Advanced Docker Features

Docker Swarm Mode

# Initialize swarm
docker swarm init

# Join worker node
docker swarm join --token SWMTKN-1-... manager-ip:2377

# Deploy service
docker service create --replicas 3 --name web -p 80:80 nginx

# Scale service
docker service scale web=5

# List services
docker service ls

Container Registry Operations

# Login to registry
docker login

# Tag image for registry
docker tag my-app:latest myregistry.com/my-app:v1.0

# Push image to registry
docker push myregistry.com/my-app:v1.0

# Pull from private registry
docker pull myregistry.com/private-app:latest

Docker Performance Optimization

Image Optimization Tips

  • Use multi-stage builds to reduce final image size
  • Minimize layers by combining RUN commands
  • Use .dockerignore to exclude unnecessary files
  • Choose minimal base images like Alpine Linux
  • Remove package caches after installation

Example .dockerignore File

node_modules
npm-debug.log
.git
.gitignore
README.md
.env
.env.local
coverage
.nyc_output

Optimized Dockerfile Example

FROM node:18-alpine

# Install dependencies in separate layer
WORKDIR /app
COPY package*.json ./
RUN npm ci --only=production && npm cache clean --force

# Copy source code
COPY . .

# Remove unnecessary files and create user in single layer
RUN rm -rf tests docs *.md && \
    addgroup -g 1001 -S nodejs && \
    adduser -S nextjs -u 1001 && \
    chown -R nextjs:nodejs /app

USER nextjs
EXPOSE 3000
CMD ["node", "server.js"]

Troubleshooting Common Issues

Container Won’t Start

# Check container logs
docker logs container-name

# Inspect container configuration
docker inspect container-name

# Run container interactively to debug
docker run -it --entrypoint /bin/sh image-name

Disk Space Issues

# Check Docker disk usage
docker system df

# Clean up unused resources
docker system prune

# Remove all stopped containers
docker container prune

# Remove unused images
docker image prune -a

# Remove unused volumes
docker volume prune

Network Connectivity Issues

# List network interfaces in container
docker exec container-name ip addr

# Test connectivity between containers
docker exec container1 ping container2

# Inspect network configuration
docker network inspect bridge

Conclusion

Docker has transformed the way we develop, test, and deploy applications by providing a consistent and portable containerization platform. This comprehensive guide covered the essential aspects of Docker on Linux, from basic installation and commands to advanced features like Docker Compose and Swarm mode.

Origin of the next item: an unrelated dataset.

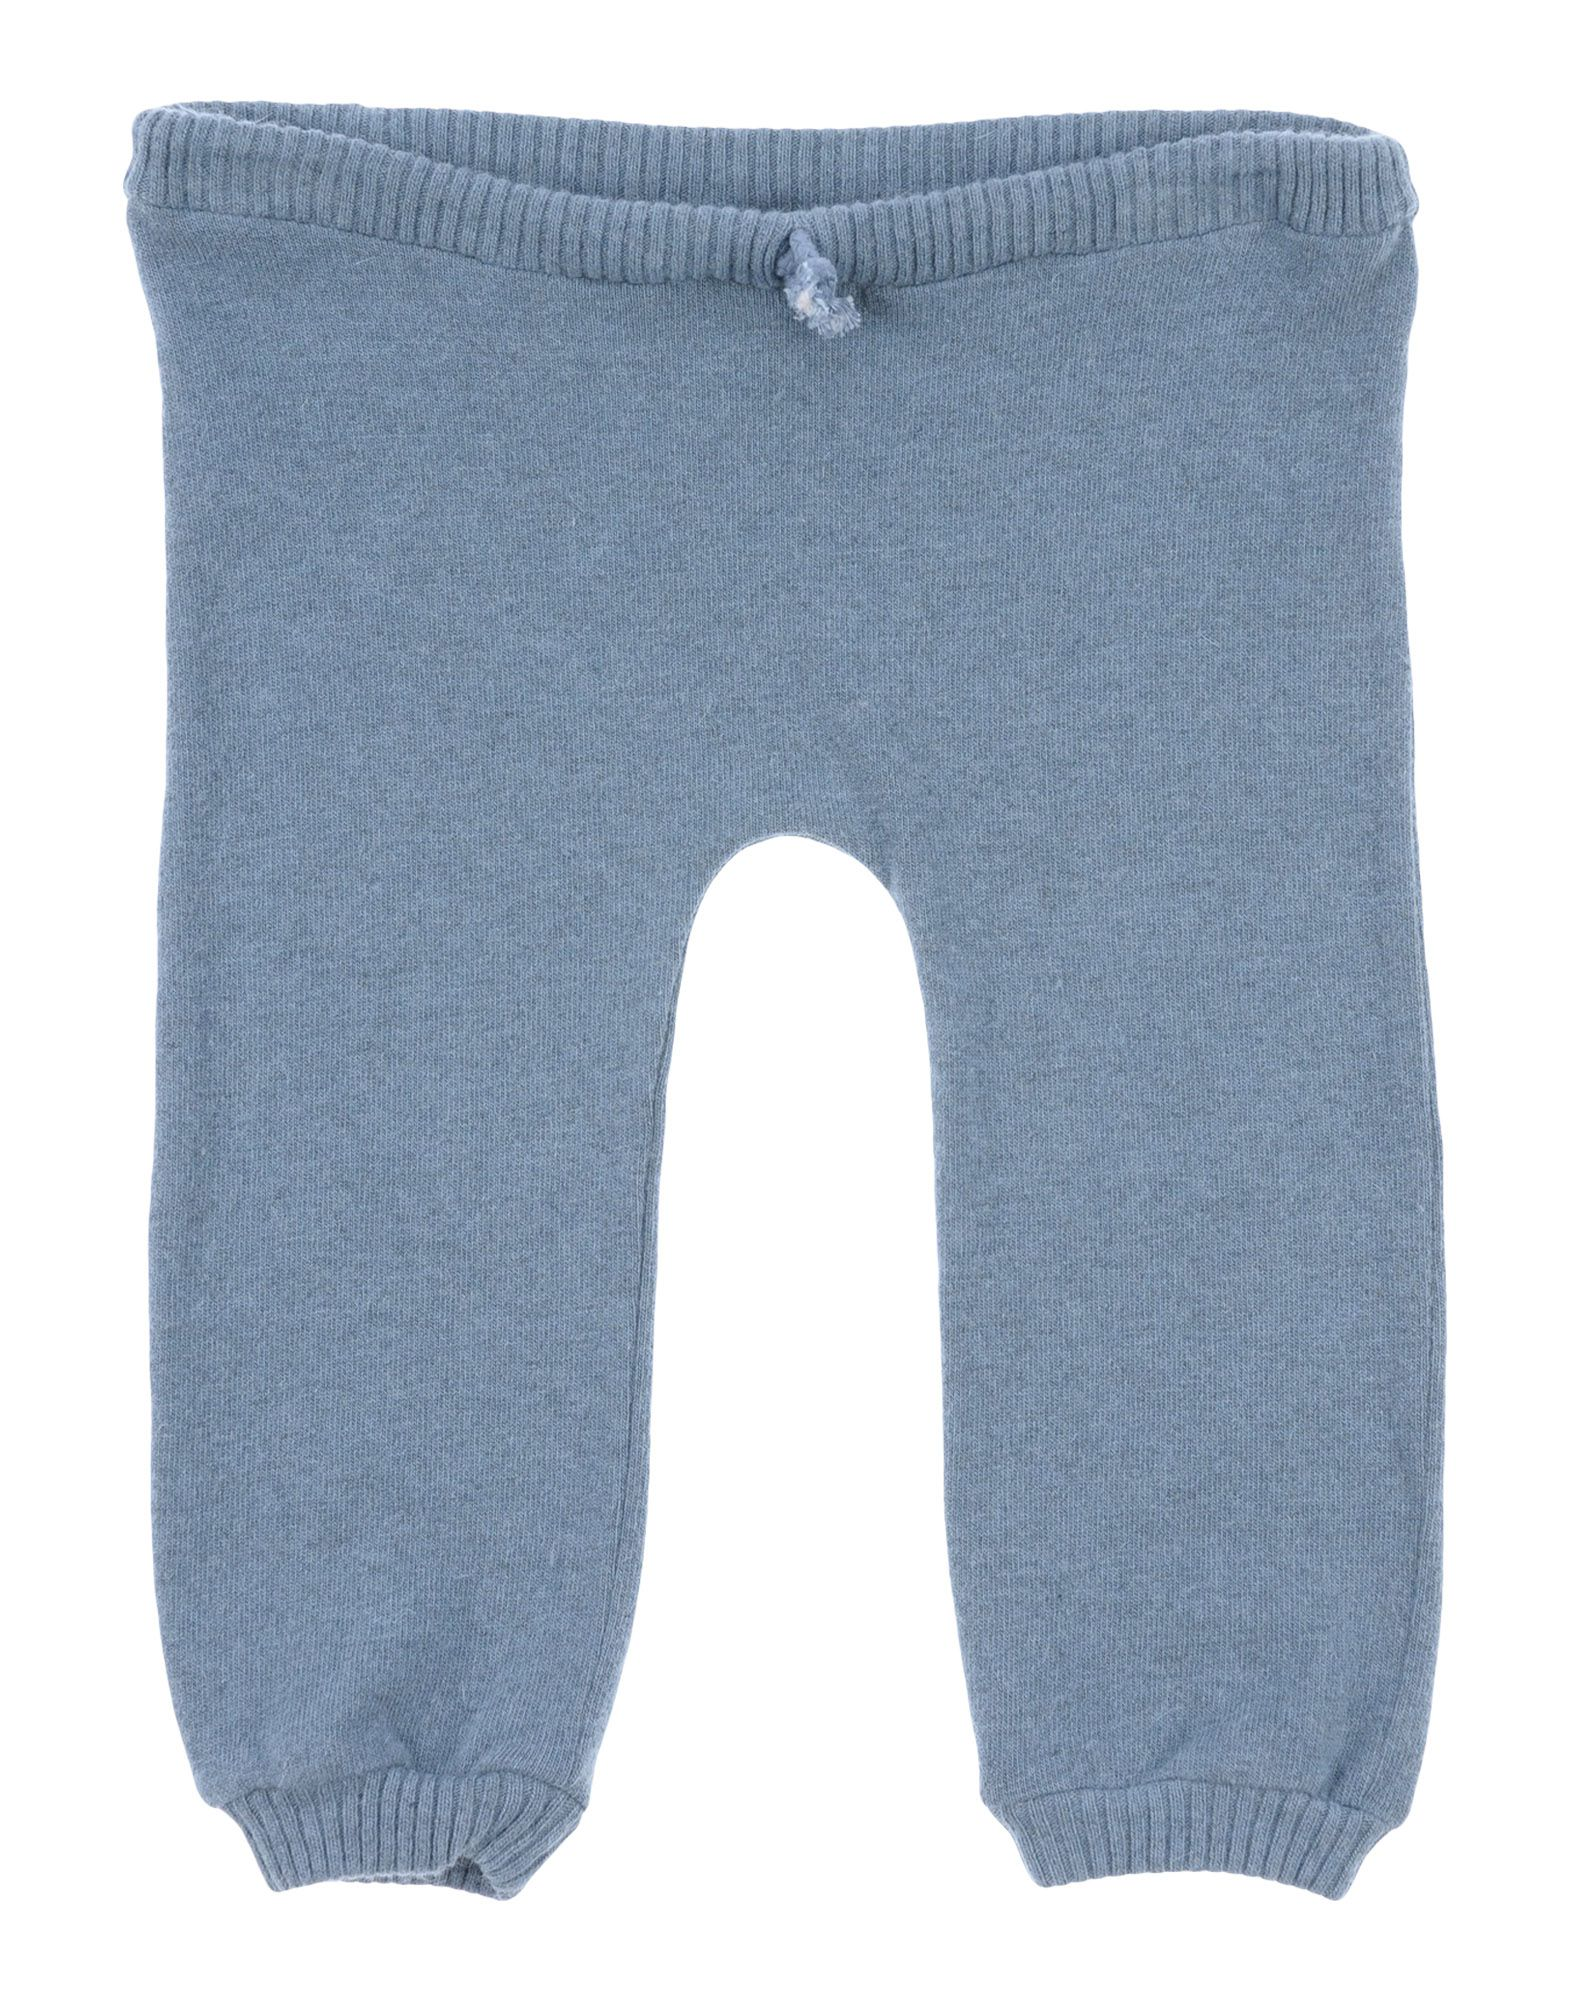 OPILILAI Casual Pants in Slate Blue

Key takeaways include mastering fundamental Docker commands, understanding container lifecycle management, implementing security best practices, and optimizing images for production use. As containerization continues to evolve, Docker remains a cornerstone technology for modern application deployment and DevOps practices.

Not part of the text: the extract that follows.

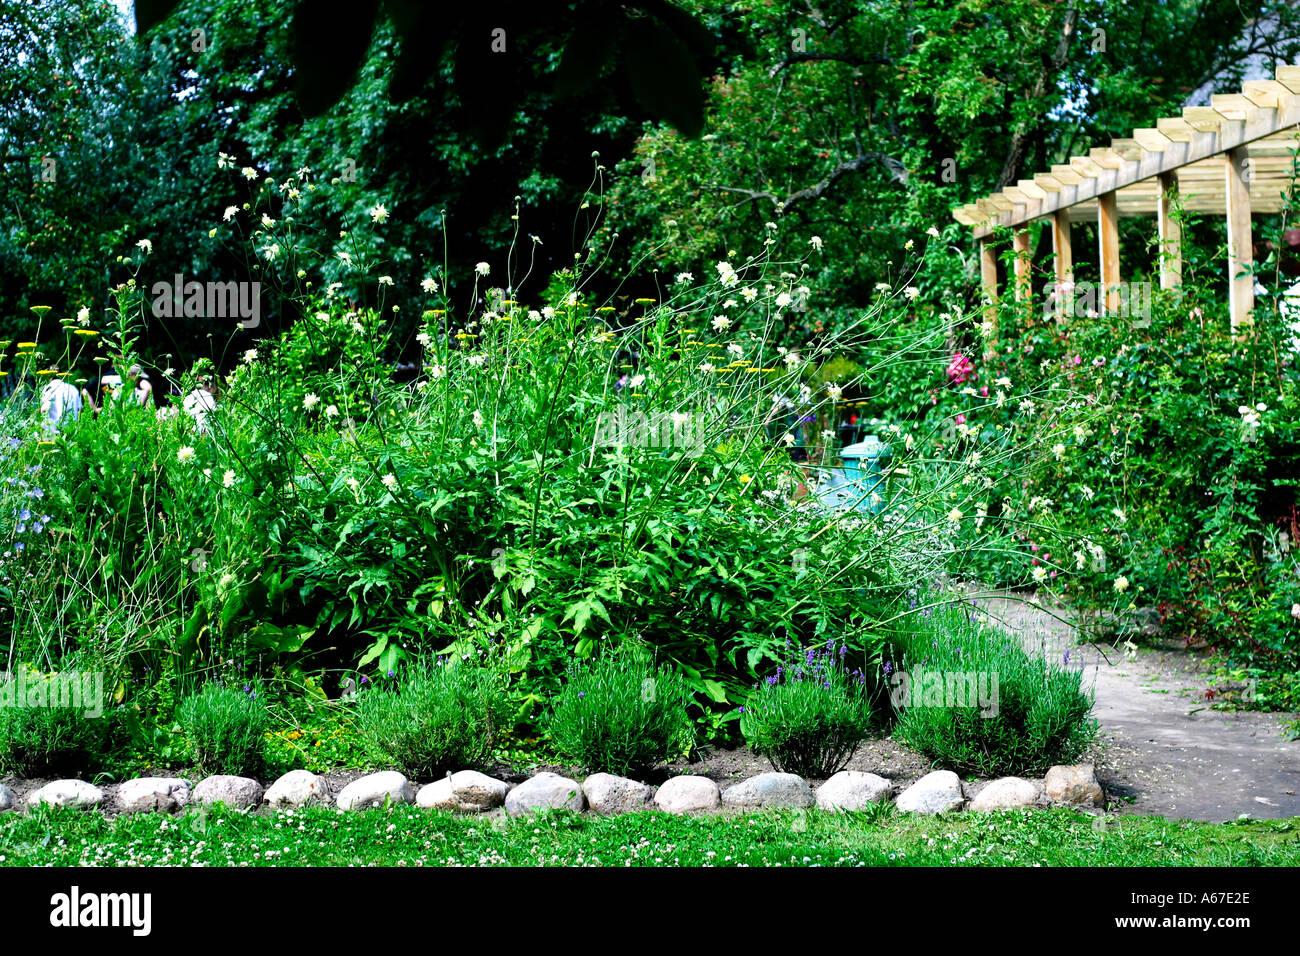 Charmant Herbgarden Stock Photos U0026 Herbgarden Stock Images   Alamy

Whether you’re a beginner starting with containerization or an experienced developer looking to enhance your Docker skills, the commands and examples in this guide provide a solid foundation for working with Docker on Linux systems. Remember to regularly update your Docker installation and stay informed about security best practices to maintain a robust containerized environment.